Boris Becker wird voraussichtlich in ein anderes Gefängnis verlegt.

Becker bekommt ein kleines Taschengeld von zehn Pfund in der Woche. Damit können Bestellungen aufgegeben werden, zum Beispiel für Toiletten-Artikel oder Schokolade. Dazu erhält man eine Telefonkarte mit begrenztem Guthaben. Wie die Bild erfahren haben will, soll Becker zuerst seine Freundin Lilian angerufen haben. Daraufhin habe er einen zweiten Anruf an seine geliebte Mutter Elvira Pisch getätigt. Ein Knast-Mitarbeiter habe das als „Promi-Bonus“ bezeichnet, wird im Weiteren berichtet. Pisch hat eine schwere Zeit hinter sich. Boris Beckers Mutter litt sehr unter der Inhaftierung ihres Sohnes.

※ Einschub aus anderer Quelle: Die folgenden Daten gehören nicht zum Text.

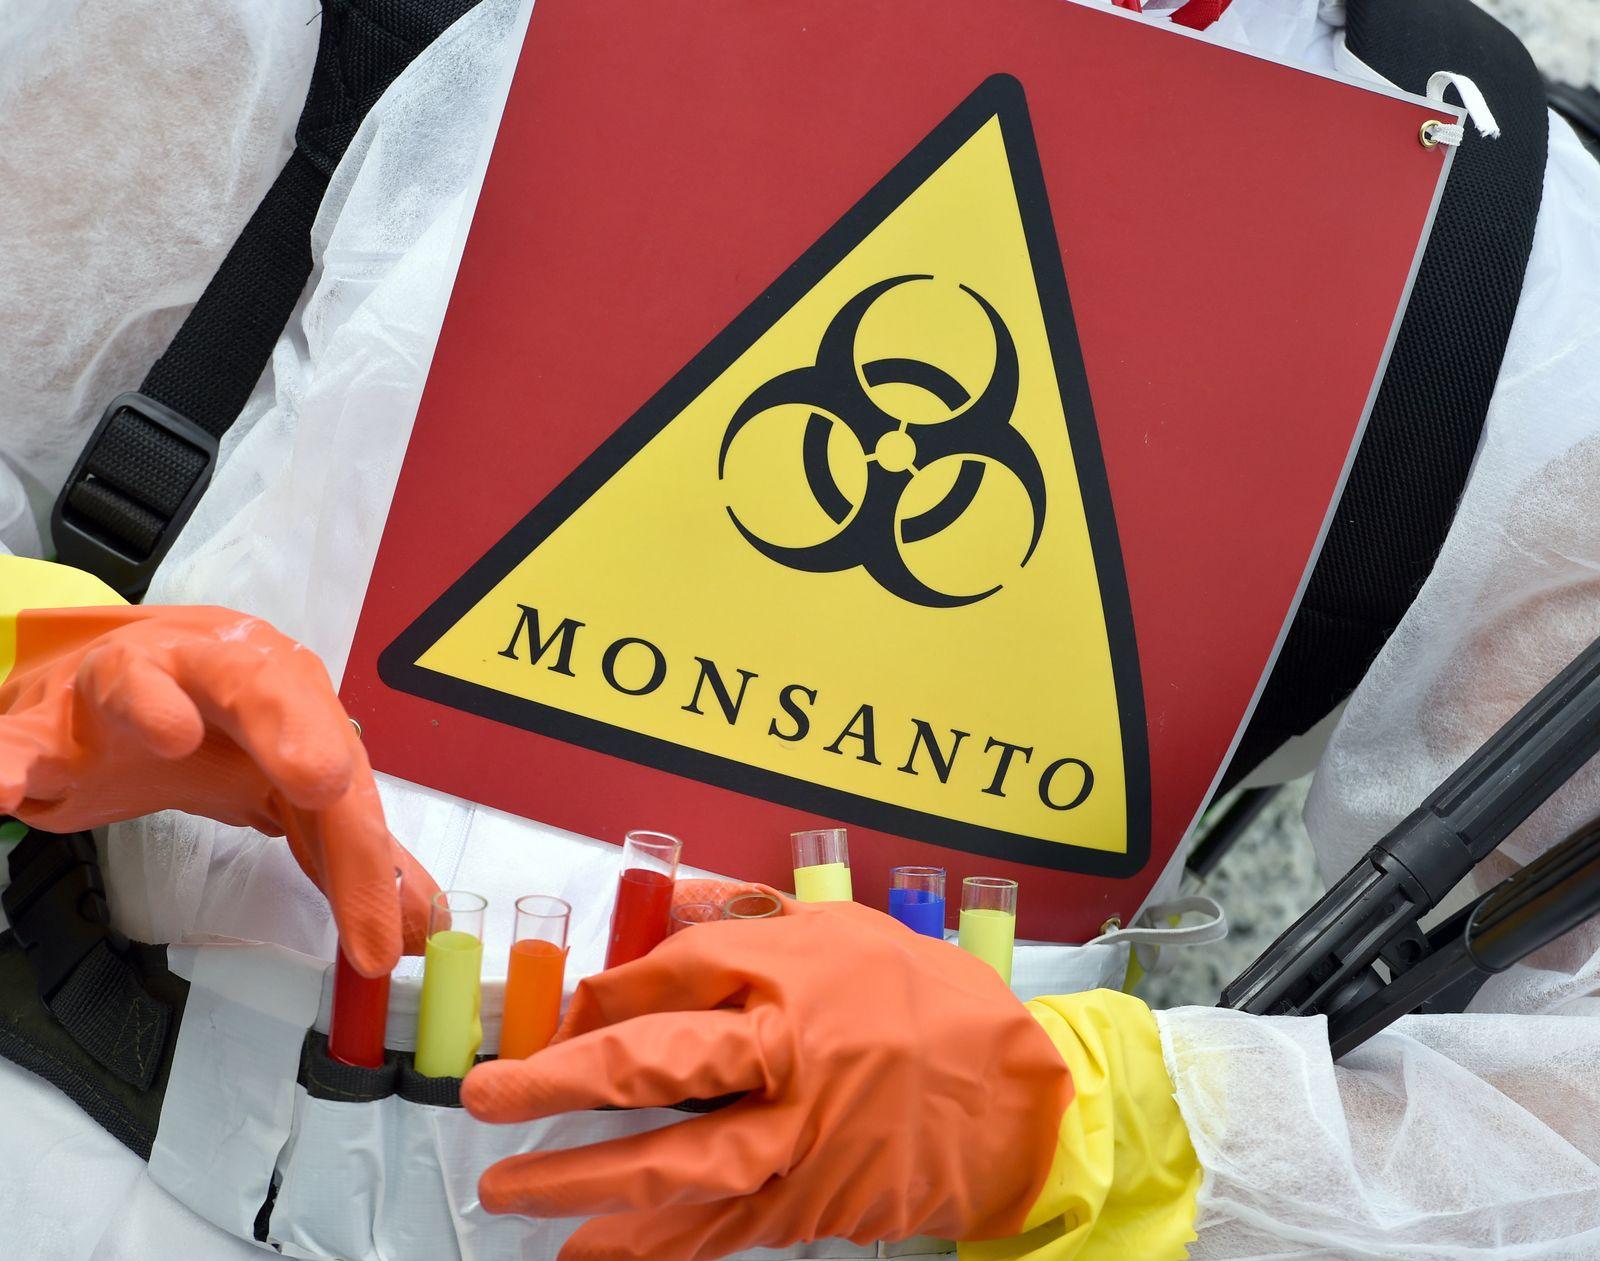 Monsanto/ Glyphosat

Boris Becker: Sozialzeit und Vertrauensperson

Den Häftlingen steht 30 Minuten Sozialzeit am Tag zu. In dieser Zeit darf man sich mit anderen Häftlingen in den Fluren unterhalten. Ein weitere Möglichkeit, um der Einsamkeit zu entkommen, sind sogenannte „Listener“. Was hat es damit auf sich? „Listener“ sind in der Regel religiöse und respektierte Häftlinge höheren Alters, berichtet der Wandsworth-Mitarbeiter.

„Sie kümmern sich um die Neuen“ und kommen von der Wohltätigkeitsorganisation „Samaritans“. Becker solle einen „Listener“ als Zimmerkollegen bekommen, berichtet die Bild.

Wie geht es für Boris Becker weiter? Verlegung nach Deutschland denkbar

Für Promi-Anwalt Paul Vogel ist eine Verlegung in ein anderes Gefängnis wahrscheinlich, wie er bunte.de mitteilte. „Wandsworth ist zwar erste Anlaufstelle. Von dort aus wird üblicherweise auf andere Haftanstalten verteilt,“ sagt Vogel. Er ist sich sicher, dass sich Beckers Verteidiger für eine Verlegung einsetzen werden. Möglicherweise könne man auch eine Verlegung nach Deutschland forcieren, allerdings gebe es aufgrund des Brexit einige Unwägbarkeiten. Eine Rückkehr nach Deutschland wird immer wahrscheinlicher, auch weil ihm eine Abschiebung droht.

In Deutschland wird Boris Becker so schnell nicht wieder zu hören sein. Eurosport widersprach einem Bericht, wonach Becker aus dem Knast Tennis kommentieren dürfe.